DATASET EXTRACT:

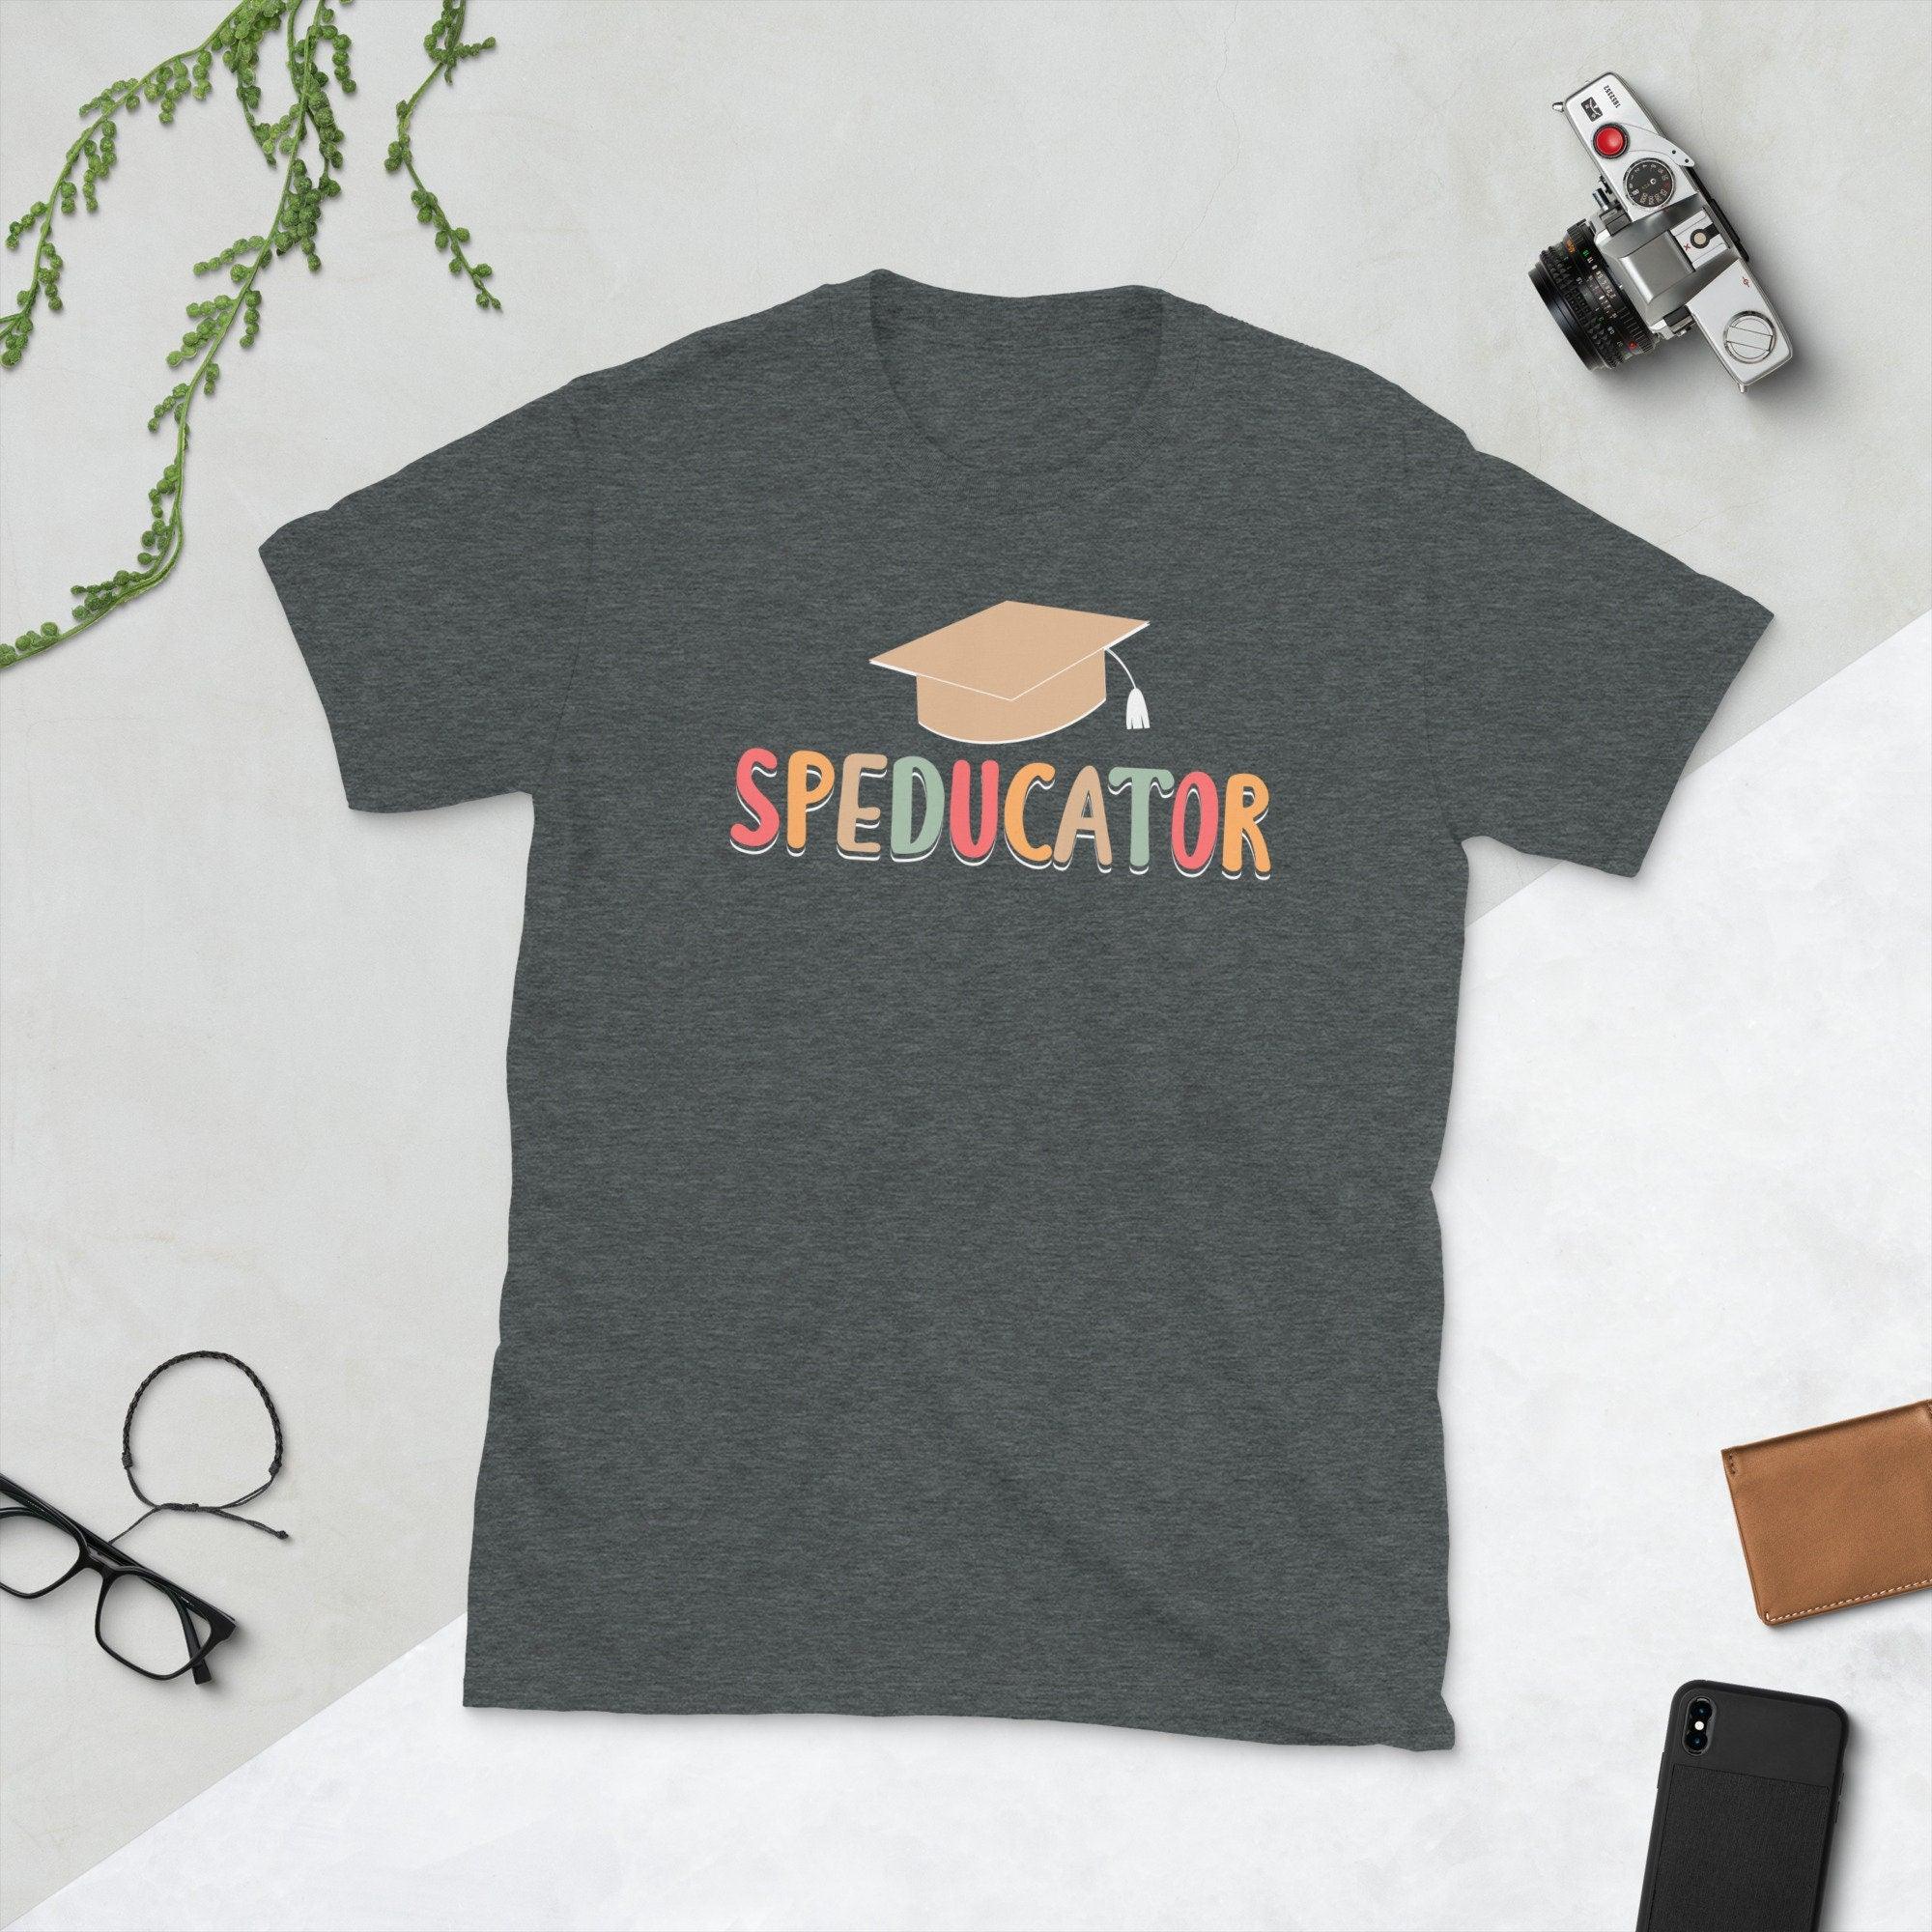 مدرس التربية الخاصة، قميص Speducator، تي شيرت هدية Sped Ed - plusminusco.com
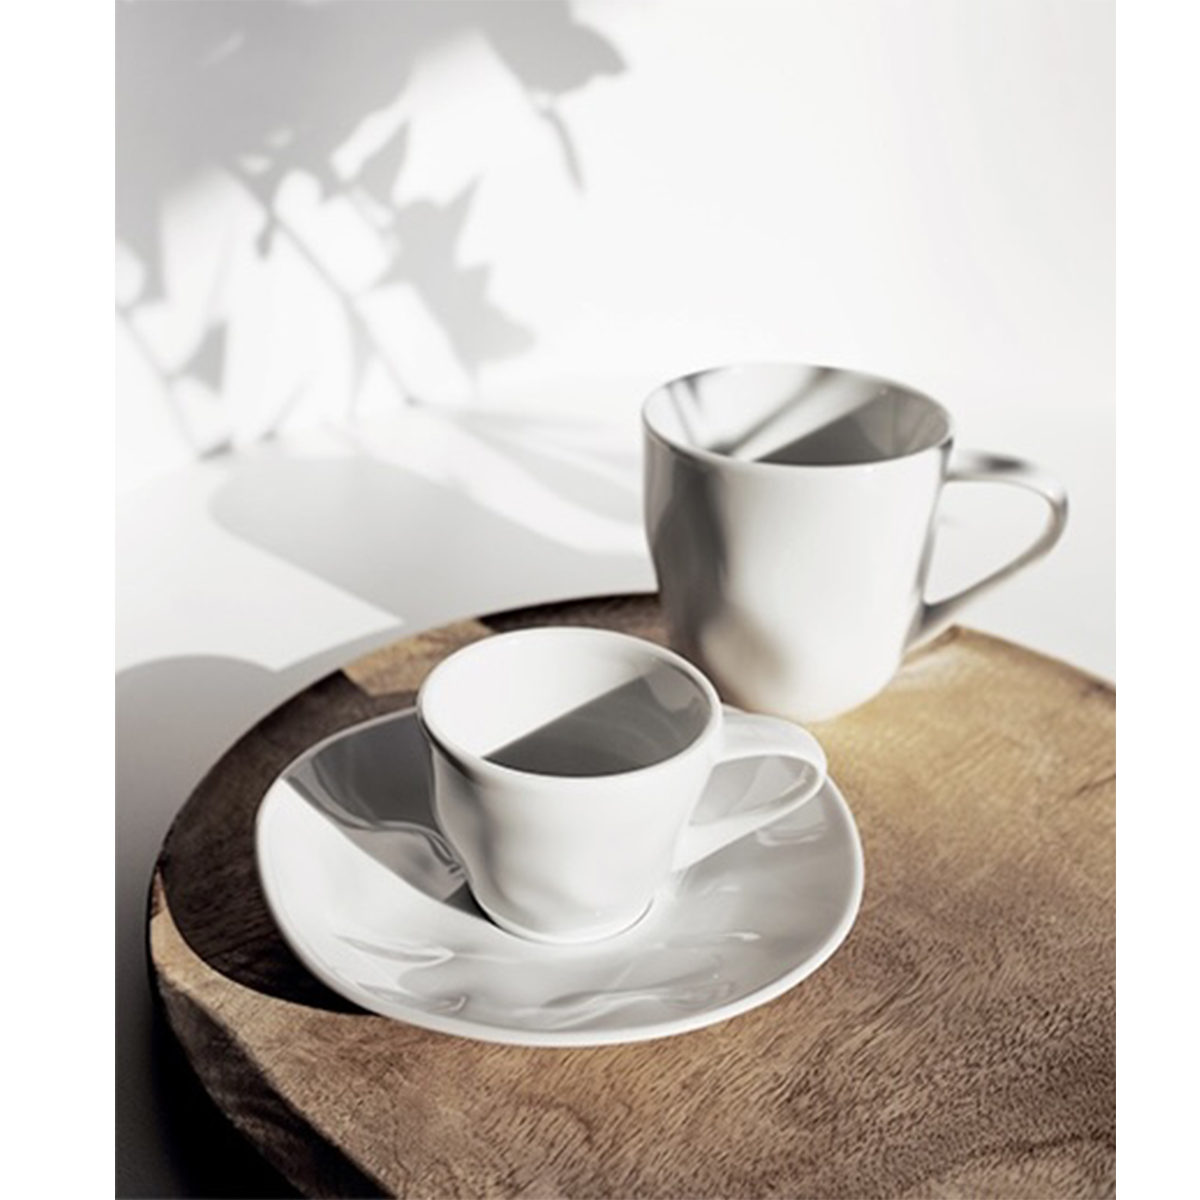 Lilien çay&kahve fincanı, 180 ml
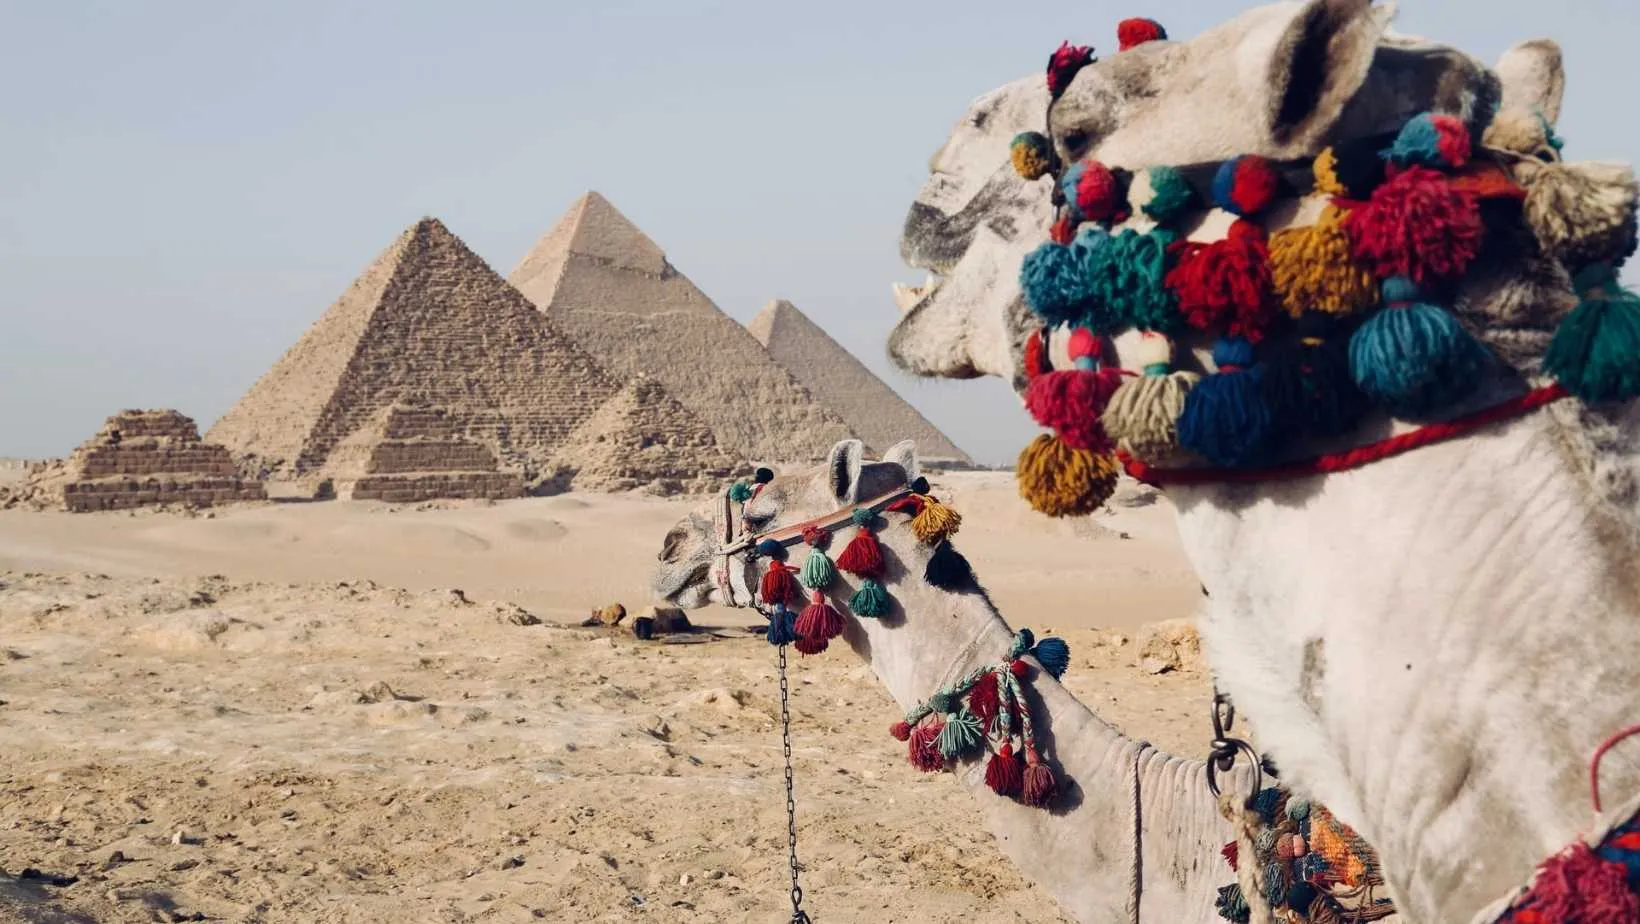 Desert Camel, camel walking on desert egypt, egypt desert, egypt pyramids
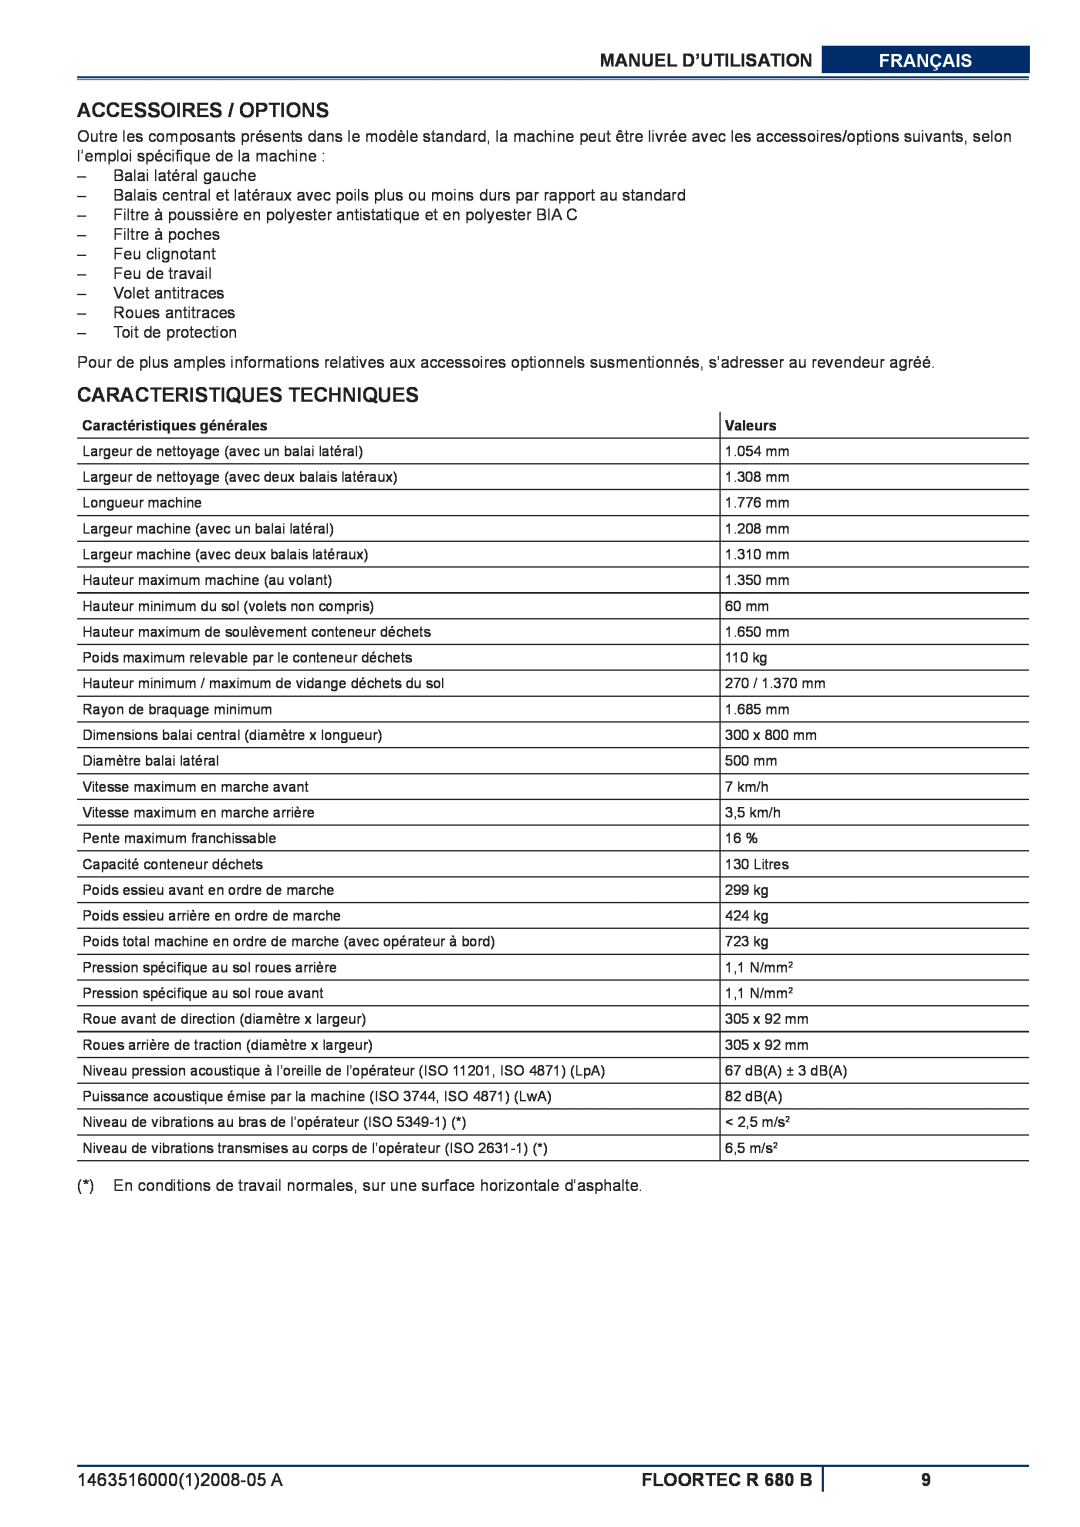 Nilfisk-ALTO Accessoires / Options, Caracteristiques Techniques, Manuel D’Utilisation, Français, FLOORTEC R 680 B

YOUR OBJECTIVE:
From the top of the listing above, repeat each line exactly until you reach the line containing "Desert Camel, camel", and repeat that one too. Leave the pictures out.

EXERCISE SOLUTION:
 مدرس التربية الخاصة، قميص Speducator، تي شيرت هدية Sped Ed - plusminusco.com
 Lilien çay&kahve fincanı, 180 ml
 Desert Camel, camel walking on desert egypt, egypt desert, egypt pyramids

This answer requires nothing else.